Claims. Lookup criteria varied by state, but every state would accept lookup by claim number. That commonality became the framework's anchor: claim-number lookup as the universal entry point, with state-specific alternative criteria layered as configurable secondary options. Providers calling from any state could always start with the claim number; states with additional lookup options got those exposed contextually.
Member lookup. This was the actual Medicaid patient receiving services — the lookup used either to retrieve claims and their statuses, or to determine eligibility for particular services under that state's Medicaid guidelines. The framework's member-lookup logic handled both use cases through a unified conversational pattern, with state-specific eligibility rules expressed as configuration rather than as parallel design tracks.
The architectural goal across all four was shared discipline, expressed differently per state. The framework imposed consistency on the conversational patterns; the configurations expressed each state's particularity. The skeleton can be detected from this representative Intent Mapping page — a typical configuration showing the framework as it would begin in any given state's deployment.

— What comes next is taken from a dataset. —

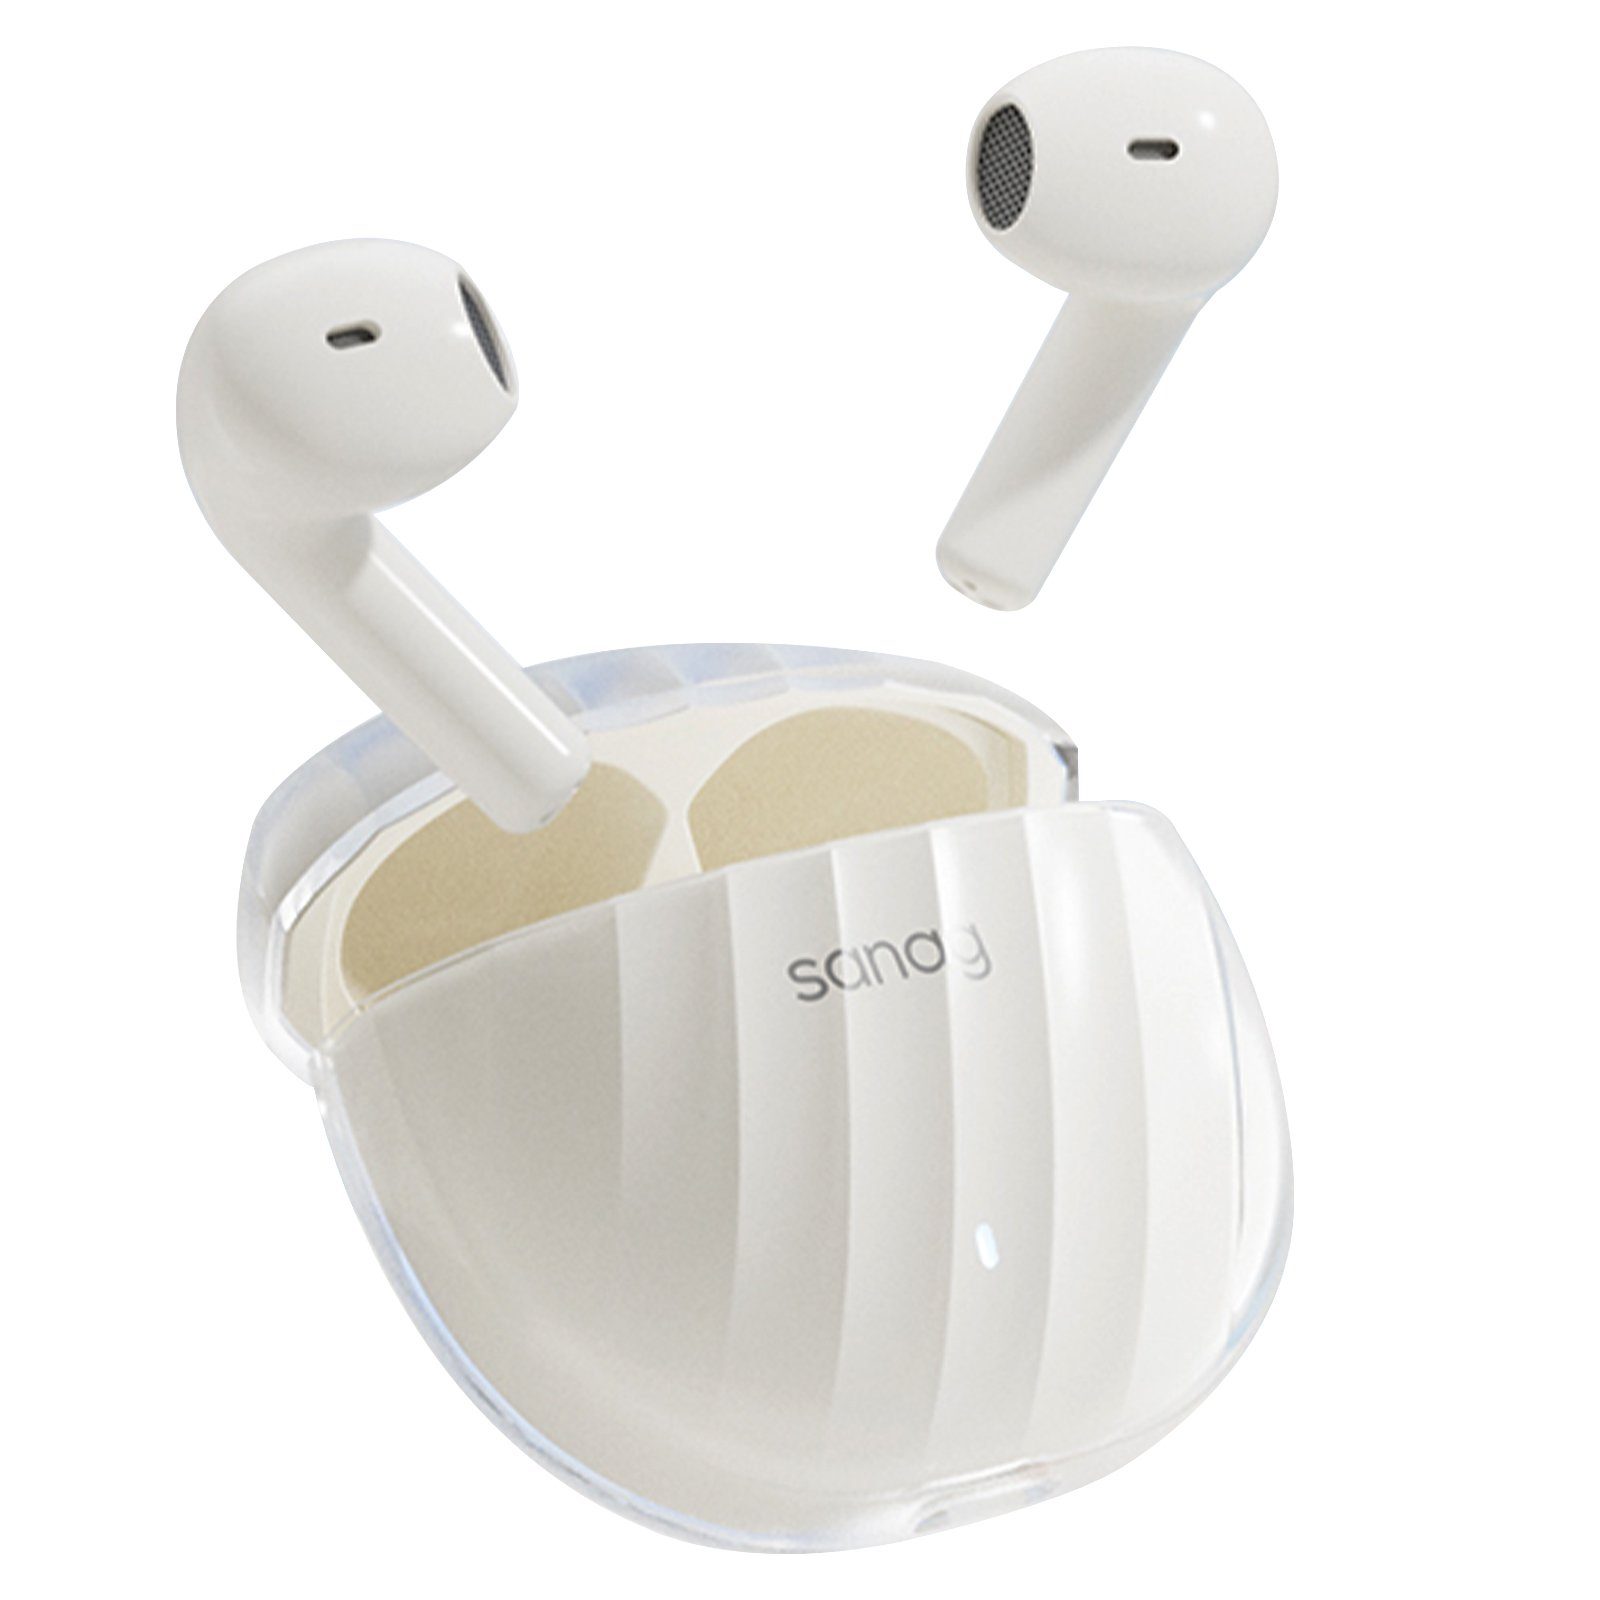 Yuede Bluetooth Kopfhörer Version 5.3, HD-Mikrofon Headphones, 28H Wireless In-Ear-Kopfhörer (ANC-Geräuschunterdrückung, Wasserdicht Nach IPX7, Surround Dolby Atmos) Weiß

The result was that adding a new state to the platform became a matter of configuration and customization, not of rebuilding. Designers could focus their attention on the genuinely state-specific elements without re-solving the same conversational design problems for every new deployment.
What it achieved
The scaffold framework delivered exactly what the underlying problem required: design discipline once, customized deployment many times. Each state Medicaid program received a fully functional, voice-forward provider services IVR tailored to its particular eligibility rules, identification methods, language requirements, and program structures — without the design and development teams rebuilding the conversational architecture from scratch for every state.
The framework also reshaped how the project's pre-design work happened. With the architectural questions answered once at the framework level, designers and project management could focus the per-state pre-design process on gathering, documenting, and clarifying state-specific requirements rather than on re-deriving the conversational logic that should already have been settled. By the time designers were ready to begin the active interaction-flow work, fingers-to-the-keyboard time was minimal and development could begin sooner. The efficiency wasn't a happy accident — it was the architectural decision paying off in operational practice.
The modernization-of-stack dimension paid off in parallel. States that had been operating on late-1980s DTMF systems gained speech-enabled, AI-assisted capabilities — provider experiences that finally matched the rest of healthcare's voice infrastructure rather than lagging two decades behind. The aging underlying APIs didn't disappear, but they were now wrapped in a conversational layer that made them usable for the modern medical-billing workflows the providers were actually doing.
The deeper achievement was demonstrating that conversational AI for regulated, multi-jurisdictional services doesn't require choosing between scalability and customization. Done right, the architecture provides both — a unified design discipline expressed through state-specific configurations, with each deployment honoring federal common ground while accommodating each state's particular implementation. That principle generalizes well beyond Medicaid: any voice-driven public-services platform serving multiple jurisdictions faces the same scalability-versus-customization tension, and the same kind of scaffold-framework thinking can dissolve it.